** Task inputs **
◇ ◇ ◇ ◇ ◇ ◇ ◇
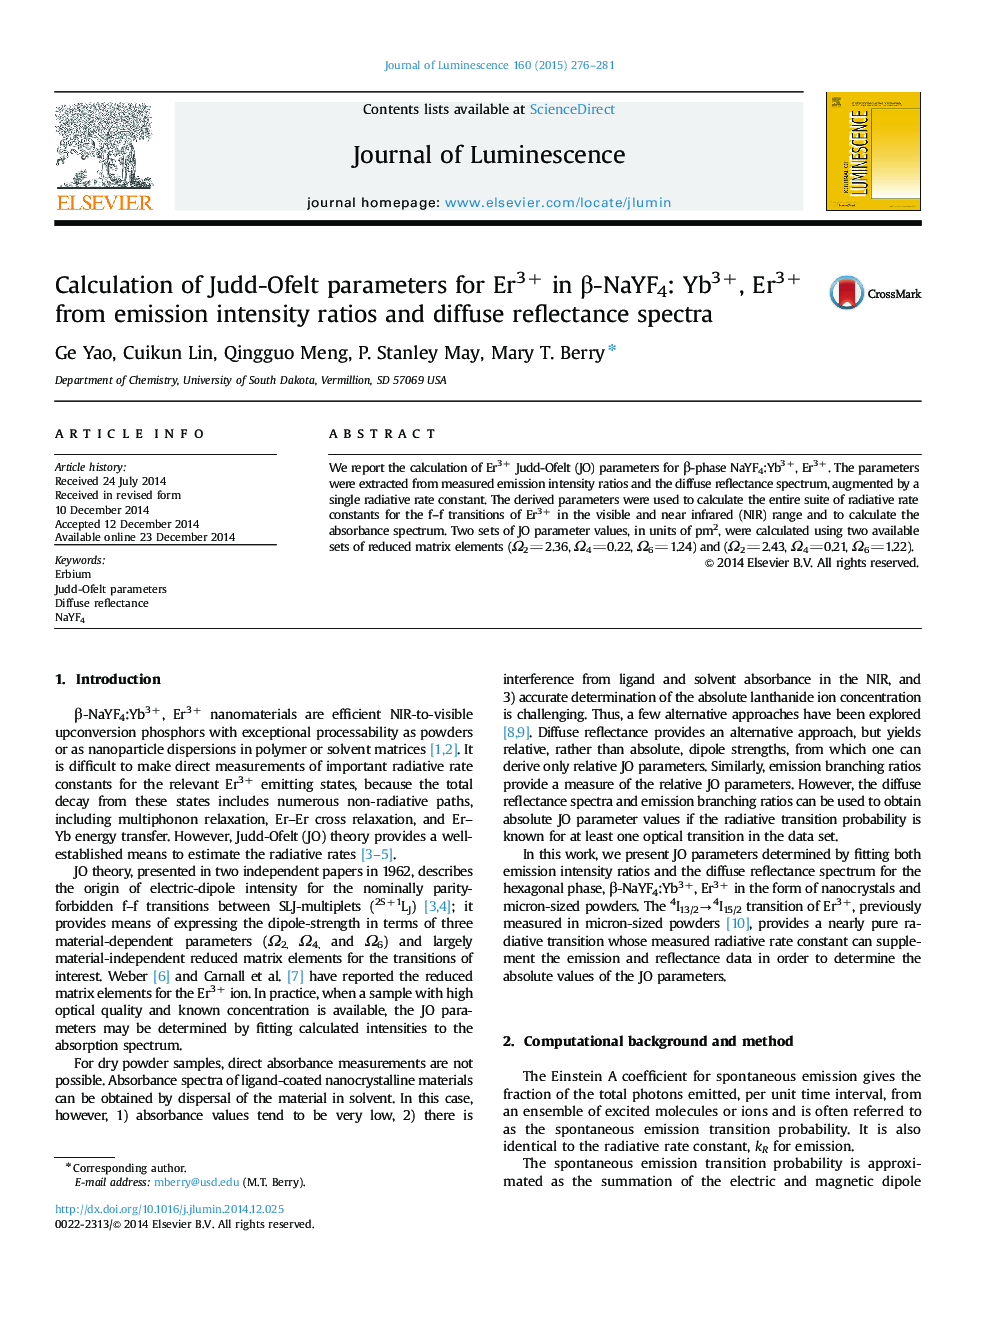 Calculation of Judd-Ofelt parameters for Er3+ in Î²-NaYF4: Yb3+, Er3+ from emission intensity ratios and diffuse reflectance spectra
◇ ◇ ◇ ◇ ◇ ◇ ◇
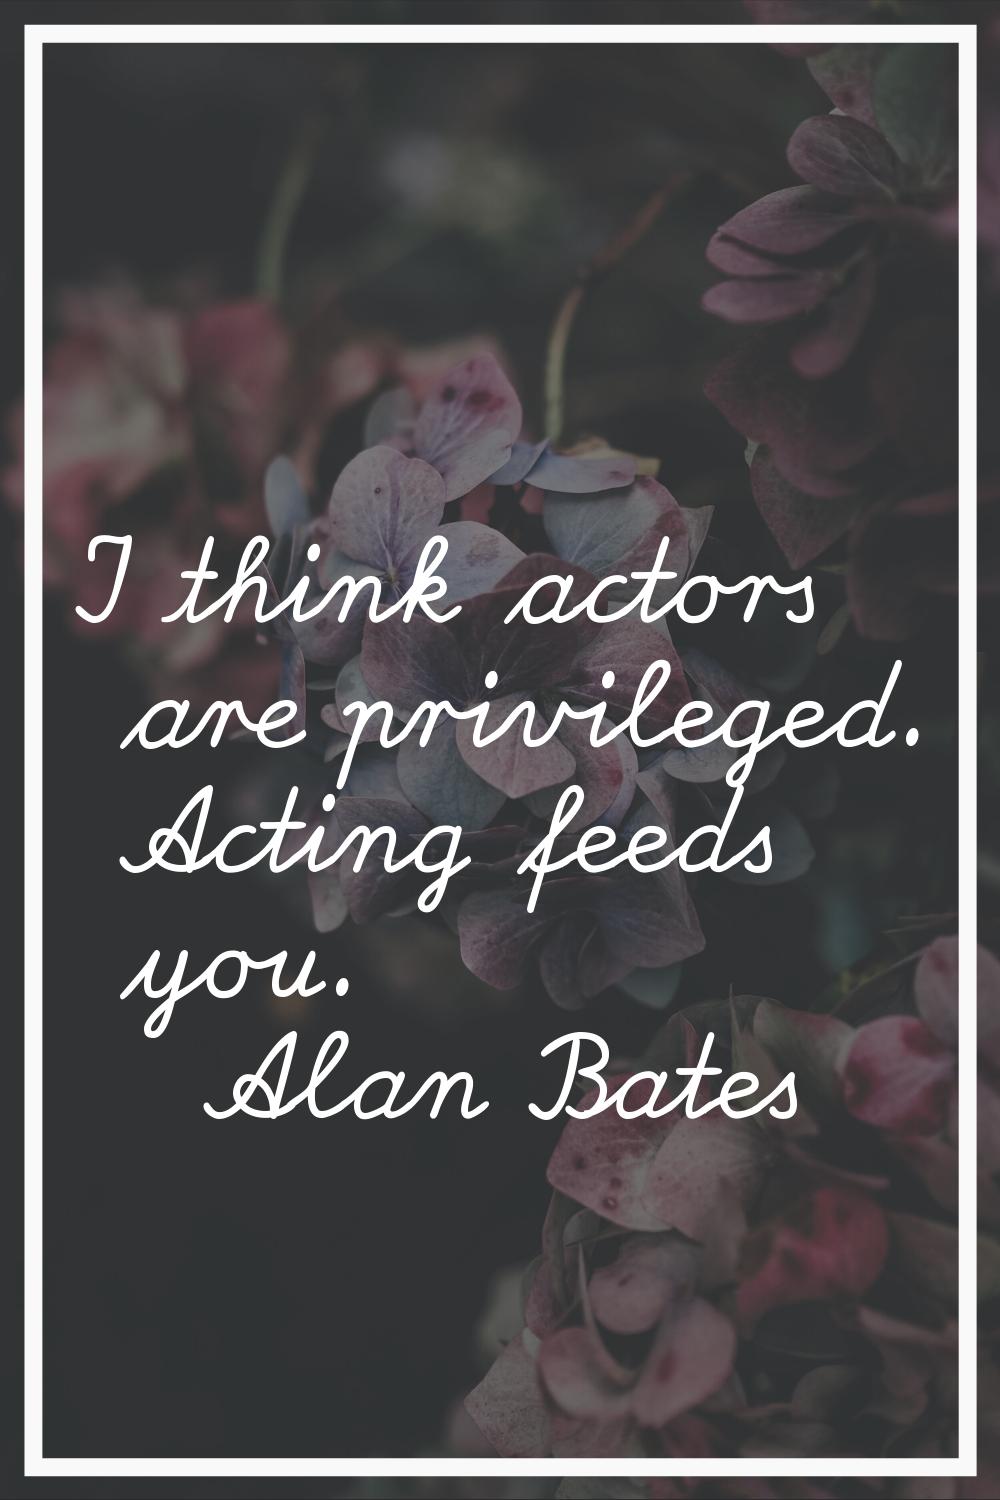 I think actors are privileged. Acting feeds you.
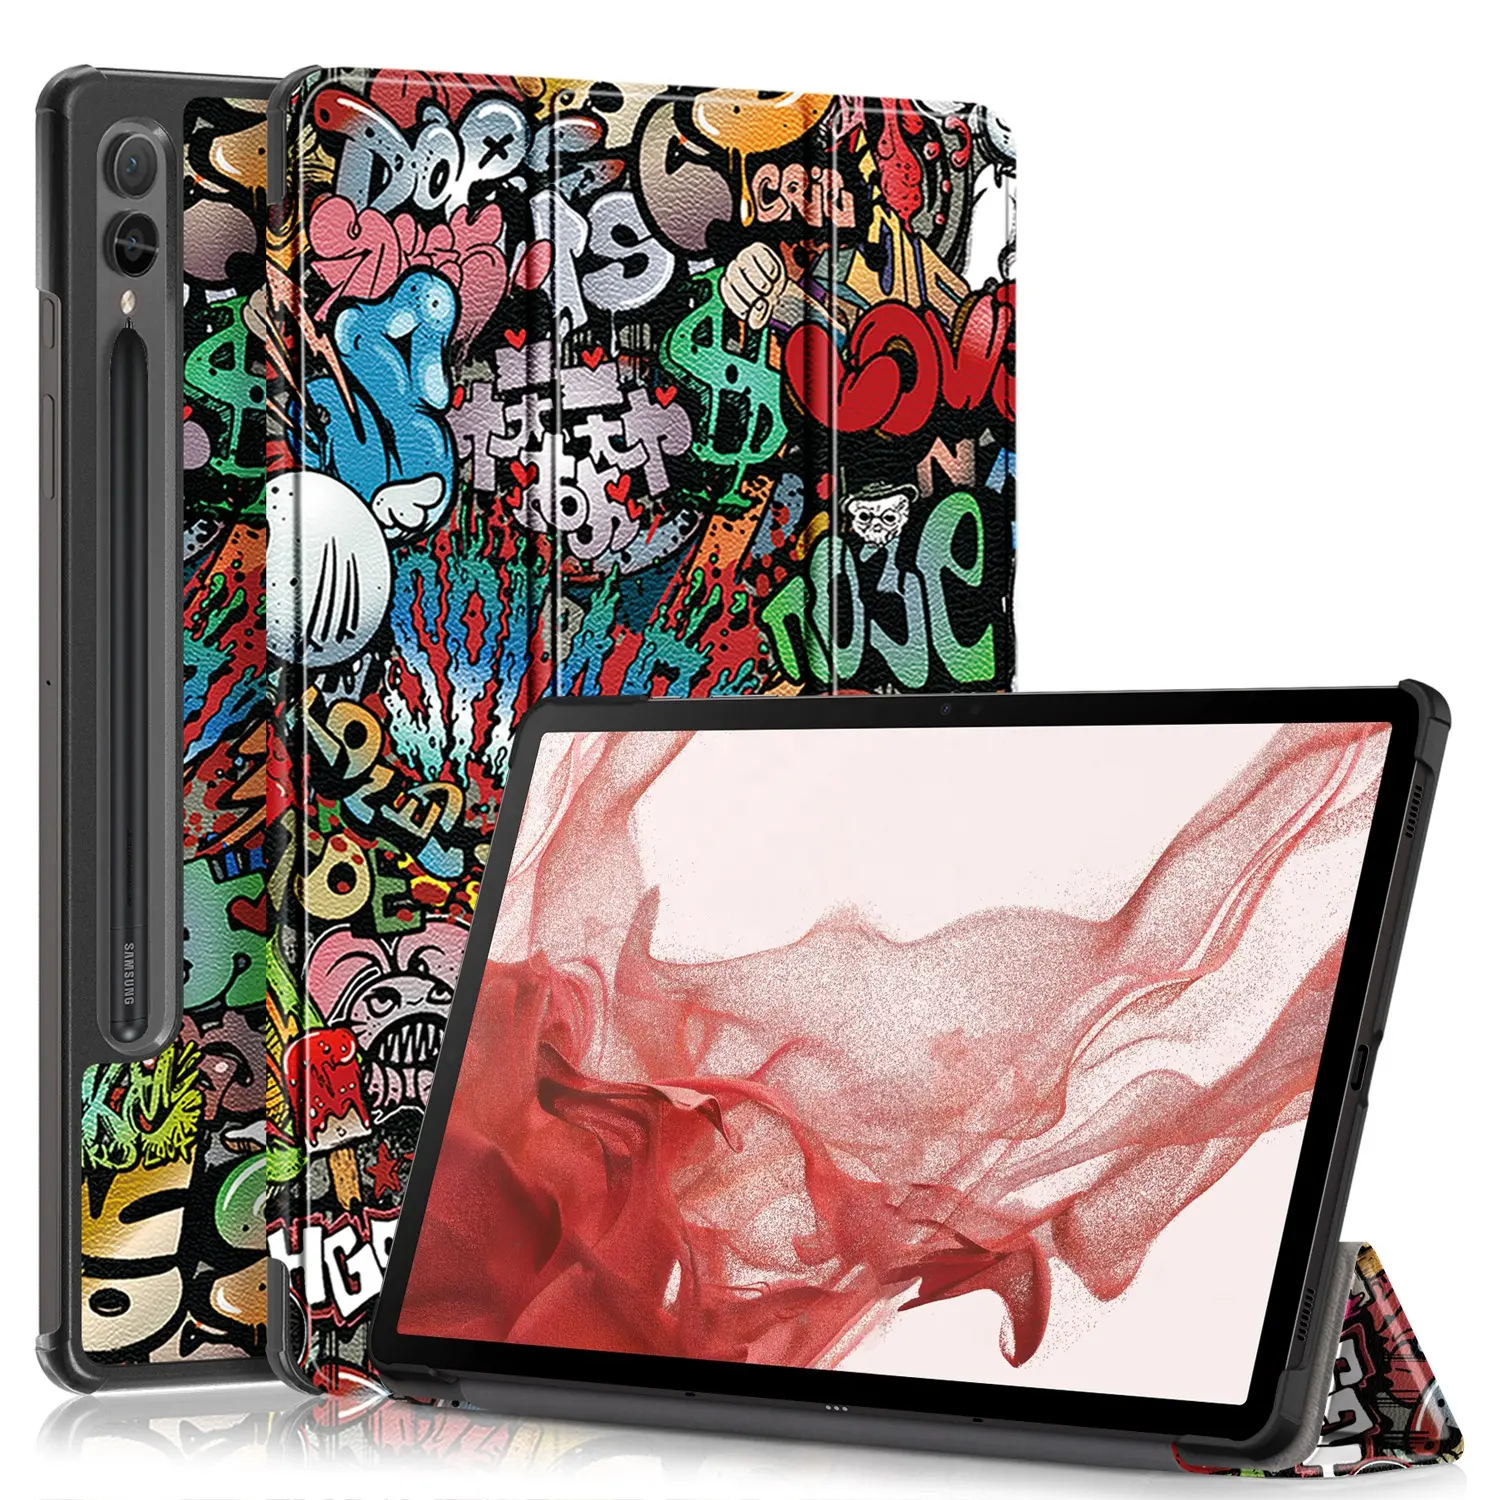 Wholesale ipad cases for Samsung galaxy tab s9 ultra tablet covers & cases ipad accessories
◇ ◇ ◇ ◇ ◇ ◇ ◇
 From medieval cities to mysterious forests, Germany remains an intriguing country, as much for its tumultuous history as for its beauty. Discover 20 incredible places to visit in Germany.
◇ ◇ ◇ ◇ ◇ ◇ ◇
Copy out the lines above from the line containing "I think actors" through the line containing "Wholesale ipad cases", exactly, and keep the pictures out.

** Written answer **
 I think actors are privileged. Acting feeds you.
 Wholesale ipad cases for Samsung galaxy tab s9 ultra tablet covers & cases ipad accessories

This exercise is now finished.